Burkinabé film director

Gaston Kaboré (born 1951) is a Burkinabé film director and an important figure in Burkina Faso's film industry. He has won awards for his films Wend Kuuni and Buud Yam. He is the founder of Imagine Institute, a school he opened in Ouagadougou, Burkina Faso in 2003, that provides workshops and residencies for film and television professionals.

==Biography==
Kaboré was born in 1951 in Bobo-Dioulasso in Upper Volta.

He studied history at the Sorbonne in Paris, France, receiving his license and Maîtrise (Master's) degrees. While researching the history of racial prejudice against Africa by its colonisers for his Maîtrise, Kaboré was drawn to contemporary documentary films which, he felt, continued to propagate such stereotypes. To better understand the "language of cinema", he decided to go to ESEC film school. Originally intending to use film as a medium for disseminating historical knowledge, he gradually grew passionate about film for its own sake. He received his degree in Film Production in 1976. He returned to his native country to be director of the Centre National du Cinéma. His film Wend Kuuni was only the second feature film produced in Burkina Faso. His work for the screen, focusing on his country's rural heritage, has received numerous international awards, including a French César award.

In 1997 he won the first prize at the 15th Panafrican Film and Television Festival of Ouagadougou (FESPACO) with the film Buud Yam.

From 1985 to 1997 he was the Secretary-General of the Pan African Federation of Filmmakers (FEPACI).
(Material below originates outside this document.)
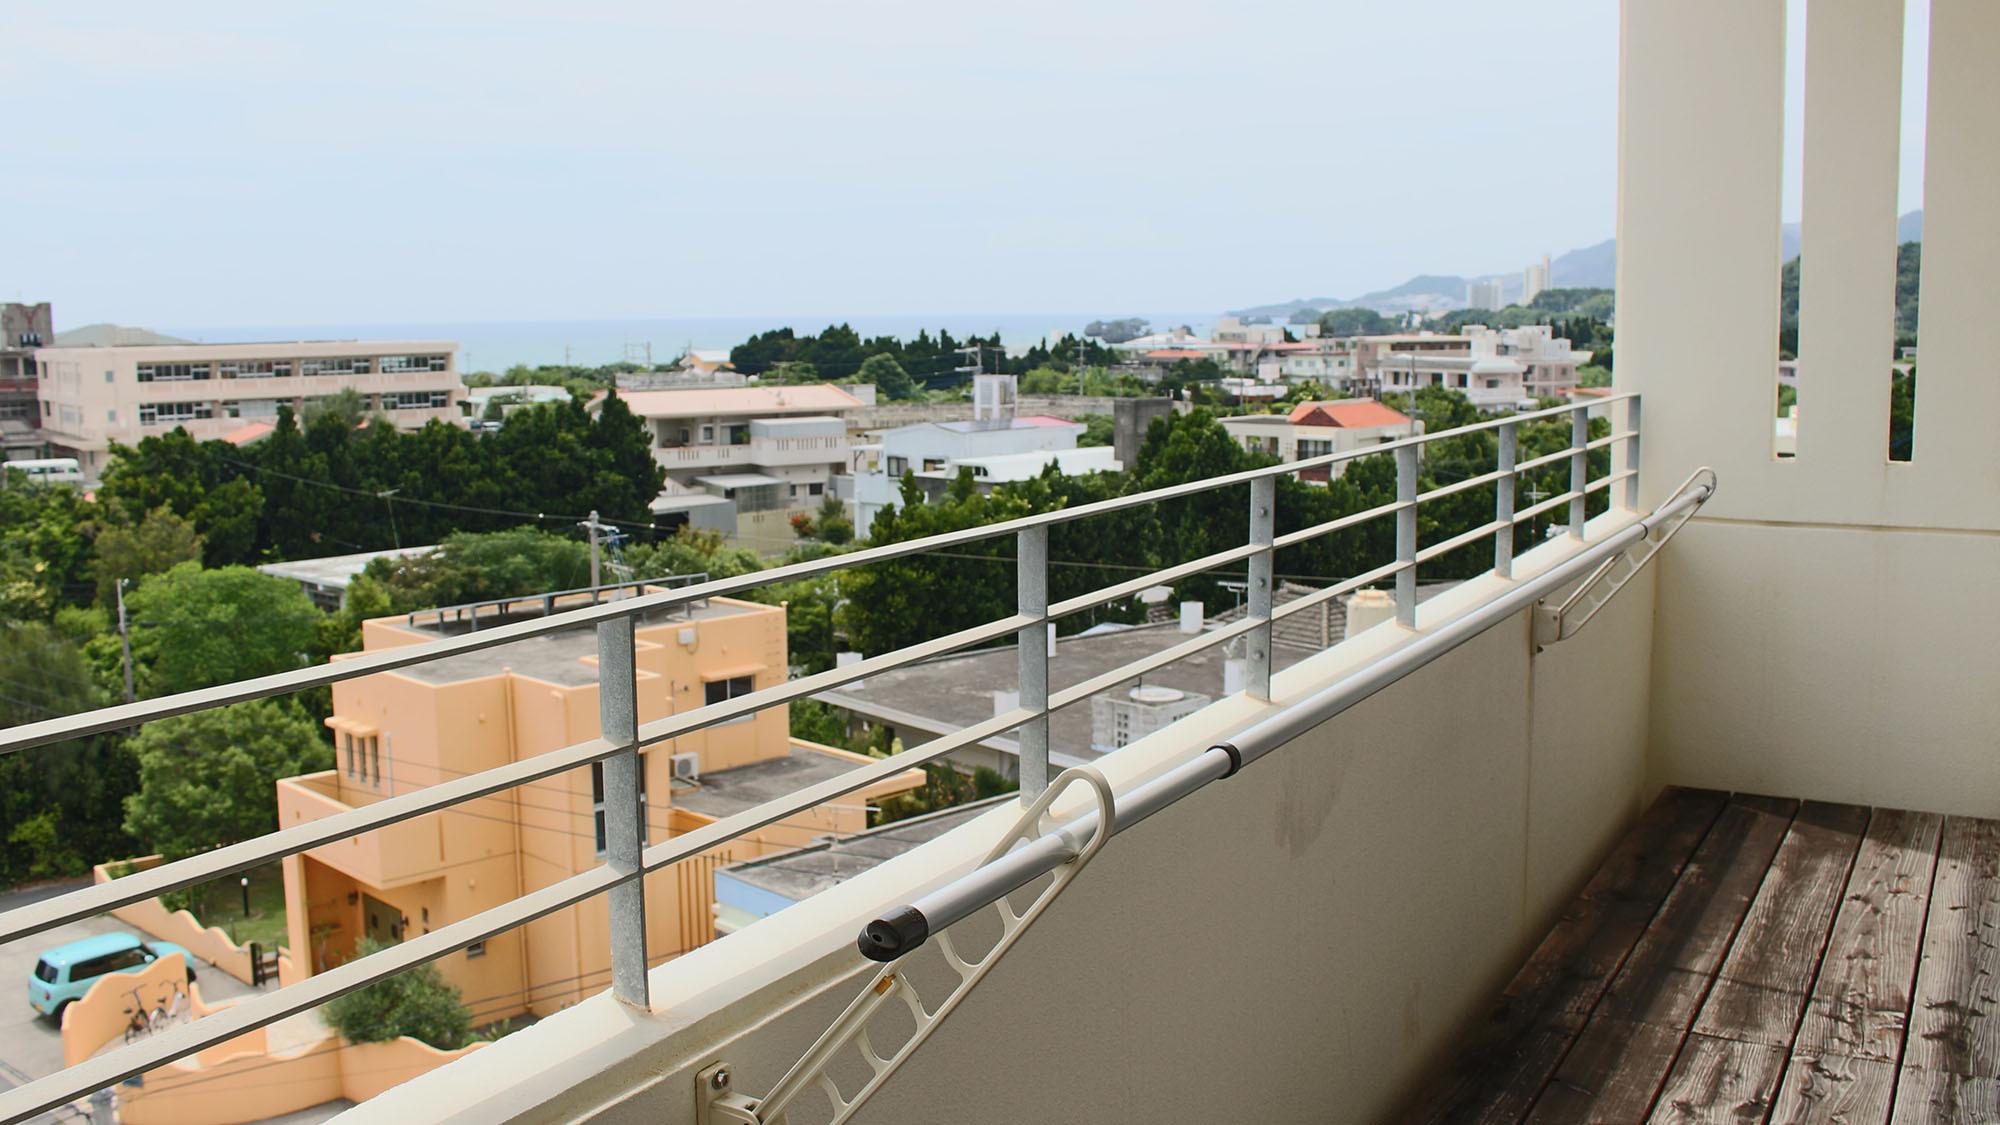 【出窓からの眺望/イメージ】 名護市街と海を一望

In 2003 he opened Imagine Institute, a school in Ouagadougou that provides training for television and film professionals. Kabore created the school to address the lack of African training schools and in the belief that “cinema is able to play a fundamental role of the restoration of [African] self-confidence, self-esteem.”

==Filmography==
- Wend Kuuni (1983)
- Zan Boko (1988)
- Rabi (1992)
- Lumière and Company (1995)
- Buud Yam (1997)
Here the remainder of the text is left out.